The tidal volumes used during mechanical ventilation can be a contributing factor to lung injury in the perioperative period.1 Tidal volumes are only one of multiple factors that have been shown to interact in a complex fashion to potentially injure a patient’s lungs.2 Among these other potential factors are driving pressure,3 positive end expiratory pressure (PEEP)4 recruitment,5 FIO2, inflammation, anti-inflammatories (including some anesthetics),6 blood products, and other fluids.7 However, among the multiple factors that enter in the equation of lung injury, tidal volumes are the most studied factor, both in healthy and in previously injured lungs. The reasons that tidal volumes have been scrutinized so closely are not completely obvious. It could be due to the availability of data for retrospective studies or due to the ability to control this variable in prospective studies.

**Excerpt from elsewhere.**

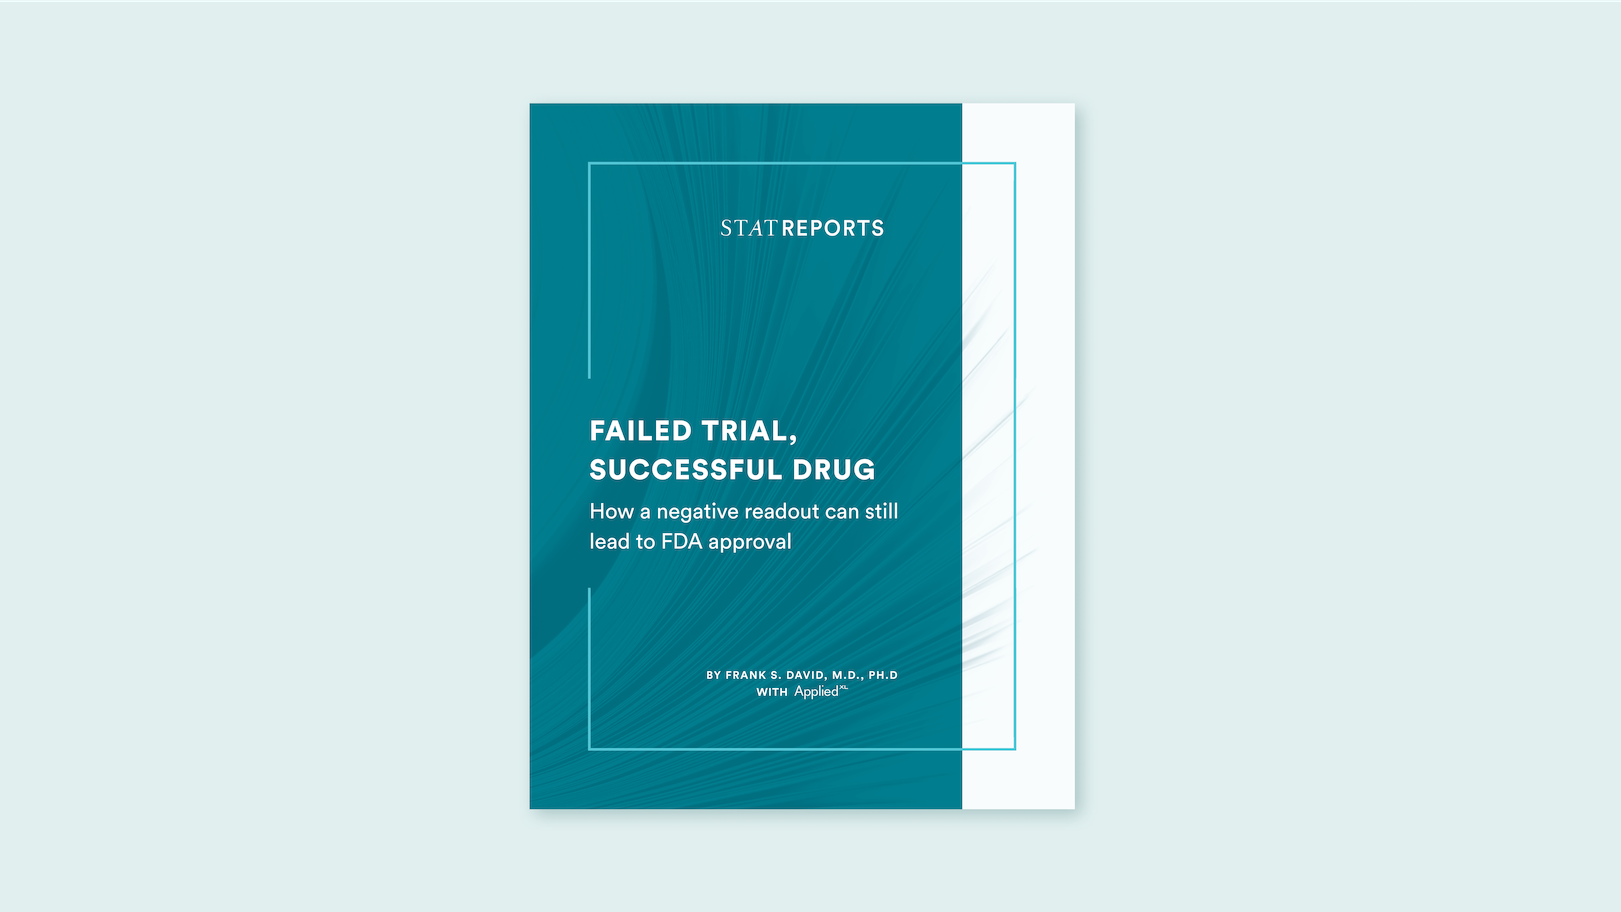 Failed trial, successful drug: How a negative readout can lead to FDA approval

One factor that is common to essentially all studies of tidal volume and lung injury is that some measure of the patient’s body weight (actual, predicted, or ideal) is used to choose the tidal volumes to be studied.8,9 This approach in research is not unreasonable, because I believe that, in practice, most clinicians are probably thinking of body weight, at least as 1 factor, when they dial-in the settings on their ventilator. In this issue of Anesthesia& Analgesia, Hoftman et al10 use forced vital capacity (FVC) to predict lung compliance and to help select an optimal tidal volume during intraoperative mechanical ventilation. A major question raised by this study is as follows: why do we usually use body weight to choose tidal volumes?
Body weight is recognized as a poor predictor of lung function and volumes. Chest physicians have known for a long time that to compare measured pulmonary function among normal individuals, it is necessary to correct for height, age, sex, and race/ethnicity11 (not weight). Although equations to develop predicted body weights (PBW) include sex and height, there is very little correction for other factors. For example, a 25-year-old Caucasian male, 165 cm (5 ft 4 in) height, has a PBW of approximately 61 kg.12 During pulmonary function testing, his predicted FVC is 4.7 L. A 70-year-old Caucasian female, 170 cm (5 ft 7 in) height, has an identical PBW of 61 kg but a predicted FVC of 3.3 L (30% less). Why do we assume that the optimal tidal volume is the same for both?
In the study by Hoftman et al,10 data from 130 patients in the supine position during volume-controlled 2-lung ventilation after the induction of anesthesia were studied retrospectively. Since these patients were scheduled for thoracic surgery, full pulmonary function testing and computed tomography (CT) scans were available for all patients. Total lung capacity from pulmonary function testing (TLCPFT) was compared to PBW, spirometric FVC, and total lung capacity derived from 3D CT scans (TLCCT). Not surprisingly, PBW was poorly correlated with TLCPFT when compared to FVC. TLCCT was better correlated to TLCPFT than PBW but not as highly correlated as FVC. It is understandable that 1 pulmonary function test (FVC) was more significantly correlated with another pulmonary function test (TLCPFT) than a static radiographic assessment of lung volume (TLCCT). This is because lung volumes and capacities are the product of the dynamic interaction of 2 springs: the chest-wall/diaphragm mechanical spring and the pulmonary parenchyma. Changes in the mechanical properties of either of these 2 springs affect both lung volumes and capacities.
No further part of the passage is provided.